A randomised clinical trial at the University of Sydney lead by Professor Geoffrey Tofler looked at a total of 85 people and showed that it is possible to reduce several cardiac risk factors during this time, without adversely affecting the grieving process. The oldest person in the study was 85 years of age with the average age of all subjects in the study being 66.

Following on from previous studies on cardiac health risks, increased depression and anxiety after bereavement Professor Tofler noted “However, there have been no interventions to address this with the goal of lowering cardiac risk, so we aimed to provide this with an approach that does not adversely affect the grief process.”

Forty-two subjects received low daily doses of a beta blocker and aspirin for six weeks, whilst the control group of 43 were given placebos. Heart rate and blood pressure were carefully monitored, and blood tests assessed blood clotting changes.

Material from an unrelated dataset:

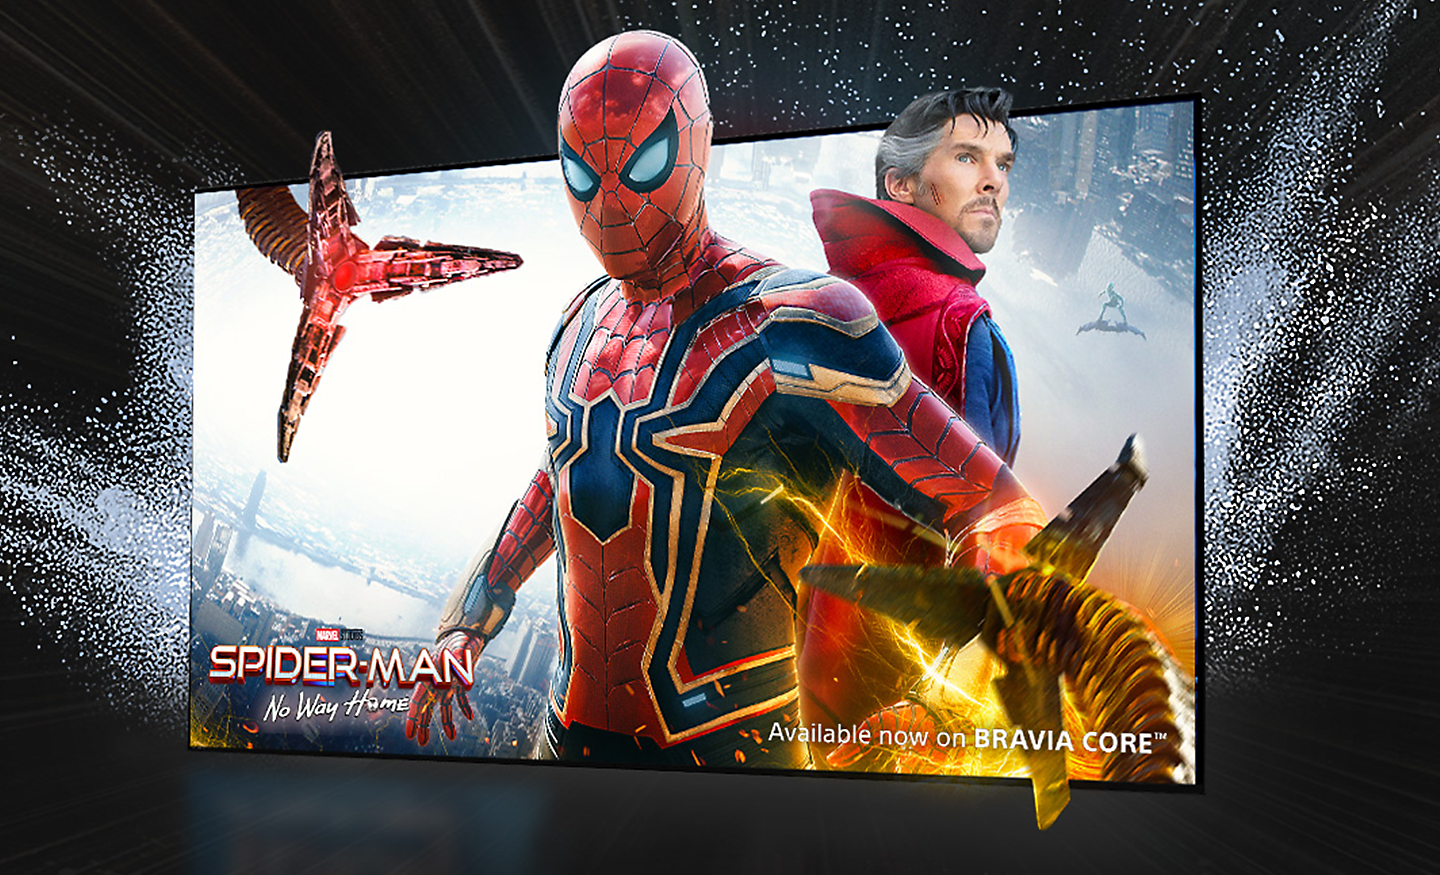 Schermo TV che mostra il film SPIDER-MAN No Way Home con Spider-man che fuoriesce dallo schermo

“The main finding was that the active medication, used in a low dose once a day, successfully reduced spikes in blood pressure and heart rate, as well as demonstrating some positive change in blood clotting tendency,” Tofler said.

The investigators also carefully monitored the grief reaction of participants.

“We were reassured that the medication had no adverse effect on the psychological responses, and indeed lessened symptoms of anxiety and depression.”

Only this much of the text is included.